Na HaYeon onunla bu şekilde yüzlerce kez konuşmuştu.

Her şey yolundaymış gibi ona her zaman gülümserdi.

Sırtını banka yaslayan Taewan sigarasını ısırdı. Çok sert ısırdı ve sigara patlayarak açıldı. Sigaranın kokusu ağzını doldurdu. Gözlerinin içine bir karanlık çöktü.

HaYeon ona her zaman iyi olduğunu söylerdi ama o her zaman gergin hissederdi. Sorun olmadığını söylemesinden ya da bunu duymaktan hoşlanmıyordu.

Bazıları acı, zavallı geçmişlerini aydınlatıcı bir ışık olarak görüyordu ama onun için bu bir utanç işaretiydi.

HaYeon'un bunun bir kısmını bile deneyimlemesine izin vermek istemiyordu. Sevdiği birinin aşk adına zorluklara katlanmak zorunda kalmasını istemiyordu.

Ancak yapabileceği tek işin sınırları vardı ve HaYeon bu zor zamanlardan geçerken onu sessizce izledi. Hayır, onu oradan çıkarabilmek için yolu gösterdi.

HaYeon, büyükannesinin cenazesinde, sanki o ailenin bir parçasıymış gibi üç gün boyunca onun yanında kalmıştı. Cenaze salonu boştu ve geri kalan ailesinden kimse gelmemişti ama HaYeon onun yanından hiç ayrılmadı.

Ve taziye parası olarak ona içi nakit dolu isimsiz bir zarf veren de oydu. Sinirlenmiş ve ona böyle bir şey yapmamasını söylemişti ama HaYeon bu paranın kendisinden olduğunu sonuna kadar inkar etti.

"O ben değilim."

“Öyleyse kim? Gelen insanlara bakılırsa, bu çok açık. Sen değilsen, kim olabilir?”

"Tanıdığın başka biri olmalı. Gerçekten ben değilim."

Başını olumsuz anlamda sallamaya devam etti. Taewan onun olduğundan emindi ama o zarfı ona geri veremezdi.

Cenaze masraflarını karşılayacak parası yoktu. Zarfın içindeki para tam ihtiyacı olan doğru miktarda parayı içeriyordu. Sadece birkaç yıl sonra bunun HaYeon'un maaş çeklerinden biriktirdiği paranın bir kısmı olduğunu öğrendi.

Tesadüf eseri, bir çekmecede banka hesabını gördü. İşte o zaman biliyordu. Anneannesinin cenazesinin son günü zarfın içindeki para kadar para çekilmişti.

Cenaze bittikten sonra, isimsiz zarftan kurtulamamıştı. Bunun yerine, masasının derinliklerine koymuştu. Çekmeceyi kapatırken kendine bir söz verdi.

Asla ebeveynleri gibi biri olmayacaktı. Birini sevseydi, onun acı çekmesine asla izin vermezdi. Hayattan doyasıya zevk almalarını sağlayacaktı. HaYeon'un yoksulluğun dayanılmazlığını tatmasına asla izin vermeyecekti.

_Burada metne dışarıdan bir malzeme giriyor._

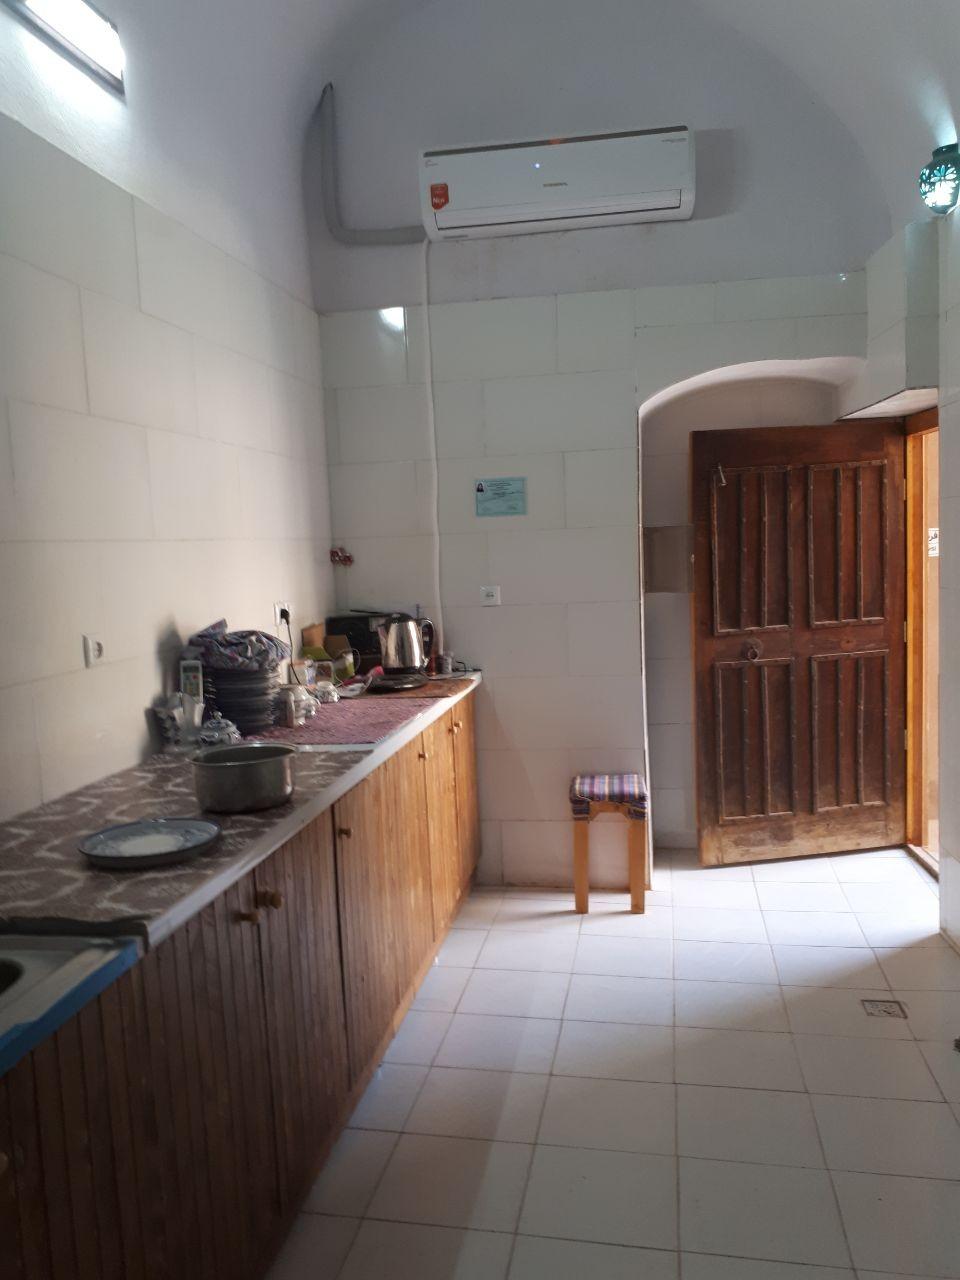 شهری اقامتگاه سنتی در شهداد یزد -استراحتگاه مولوی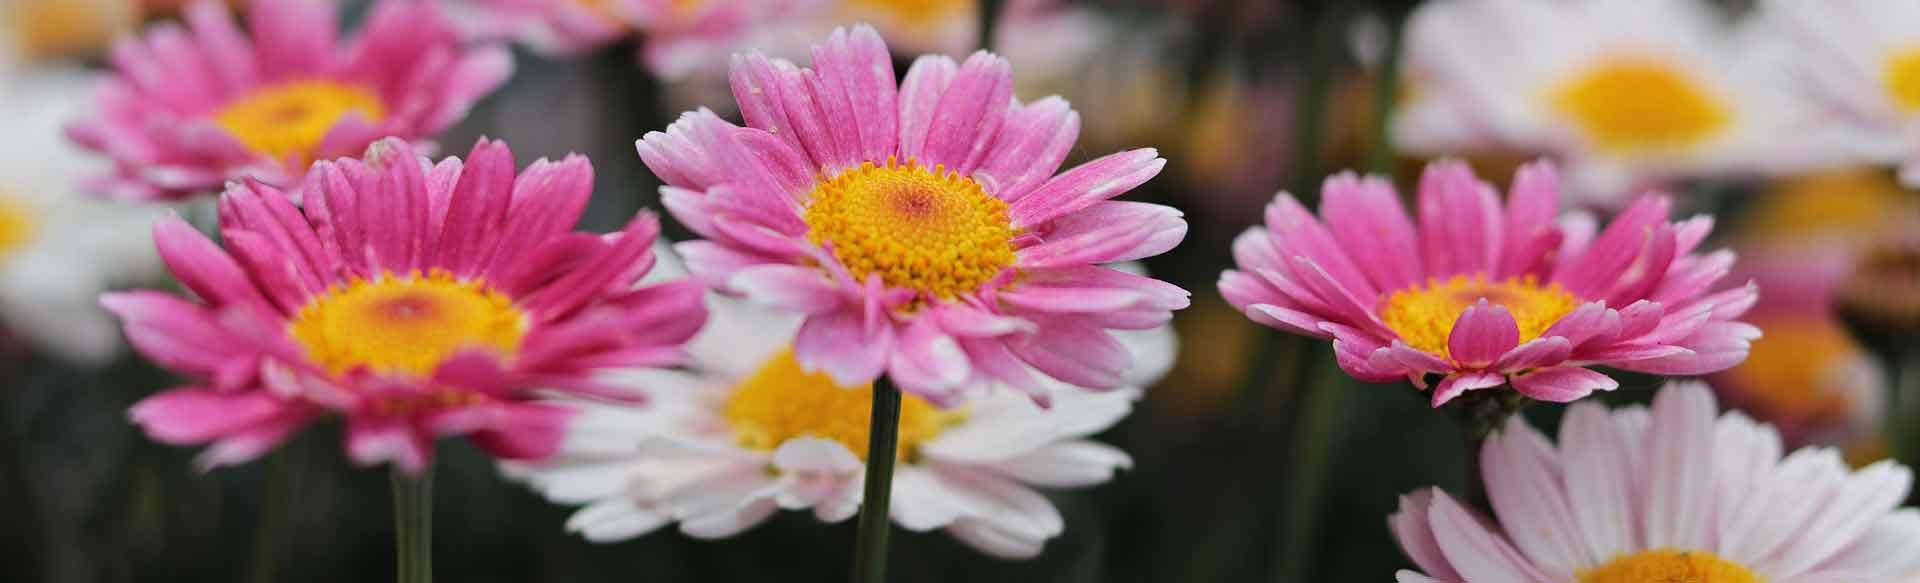 flowers-3357958_1920@1920w

Her şeyini işine verdi. Ve sanki tüm çabanın bir ödülüymüş gibi, para akmaya başladı. Yaptığı ilk şey, daha büyük bir ofis dairesi kiralamak için ön ödeme yapmak oldu.

HaYeon'un rahatça yaşayabileceği bir ev olmasını umuyordu. HaYeon sanki kiralamamış da  satın almışlar gibi sevinçle ayağa fırladı. Son yerlerinden sadece biraz daha büyüktü ama o çok mutluydu...

Kendisinin HaYeon için çok acınası olduğunu düşünmesine rağmen, HaYeon için bir şeyler yapabildiği için mutluydu. Bu yüzden sonraki günlerde uyurken Taewan'ın yüzünde bir gülümseme vardı.

Bu yeterli. Zamanla her şeyi böyle büyütebiliriz. Sadece düzenli bir hayat yaşayabiliriz.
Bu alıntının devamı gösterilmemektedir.